Restate the opening lines of the material below word for word, stopping after the line that contains "vol.35 美人アパレル胸チラ&パンチラ ひらひらスカートの中身は?".

[SOURCE MATERIAL]:
:::::
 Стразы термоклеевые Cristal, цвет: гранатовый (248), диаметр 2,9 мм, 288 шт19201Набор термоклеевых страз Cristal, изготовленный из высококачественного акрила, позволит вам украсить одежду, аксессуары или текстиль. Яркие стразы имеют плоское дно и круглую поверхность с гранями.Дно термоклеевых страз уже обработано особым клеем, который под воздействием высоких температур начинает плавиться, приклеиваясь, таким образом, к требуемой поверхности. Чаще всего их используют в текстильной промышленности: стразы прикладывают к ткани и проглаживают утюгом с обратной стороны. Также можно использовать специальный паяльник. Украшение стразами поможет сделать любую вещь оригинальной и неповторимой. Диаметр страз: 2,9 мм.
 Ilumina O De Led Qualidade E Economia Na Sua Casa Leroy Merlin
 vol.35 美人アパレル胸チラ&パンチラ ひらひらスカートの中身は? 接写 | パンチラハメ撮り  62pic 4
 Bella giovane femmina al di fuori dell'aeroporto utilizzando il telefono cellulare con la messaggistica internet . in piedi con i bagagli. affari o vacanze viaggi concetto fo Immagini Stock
:::::
[RESPONSE]:
 Стразы термоклеевые Cristal, цвет: гранатовый (248), диаметр 2,9 мм, 288 шт19201Набор термоклеевых страз Cristal, изготовленный из высококачественного акрила, позволит вам украсить одежду, аксессуары или текстиль. Яркие стразы имеют плоское дно и круглую поверхность с гранями.Дно термоклеевых страз уже обработано особым клеем, который под воздействием высоких температур начинает плавиться, приклеиваясь, таким образом, к требуемой поверхности. Чаще всего их используют в текстильной промышленности: стразы прикладывают к ткани и проглаживают утюгом с обратной стороны. Также можно использовать специальный паяльник. Украшение стразами поможет сделать любую вещь оригинальной и неповторимой. Диаметр страз: 2,9 мм.
 Ilumina O De Led Qualidade E Economia Na Sua Casa Leroy Merlin
 vol.35 美人アパレル胸チラ&パンチラ ひらひらスカートの中身は? 接写 | パンチラハメ撮り  62pic 4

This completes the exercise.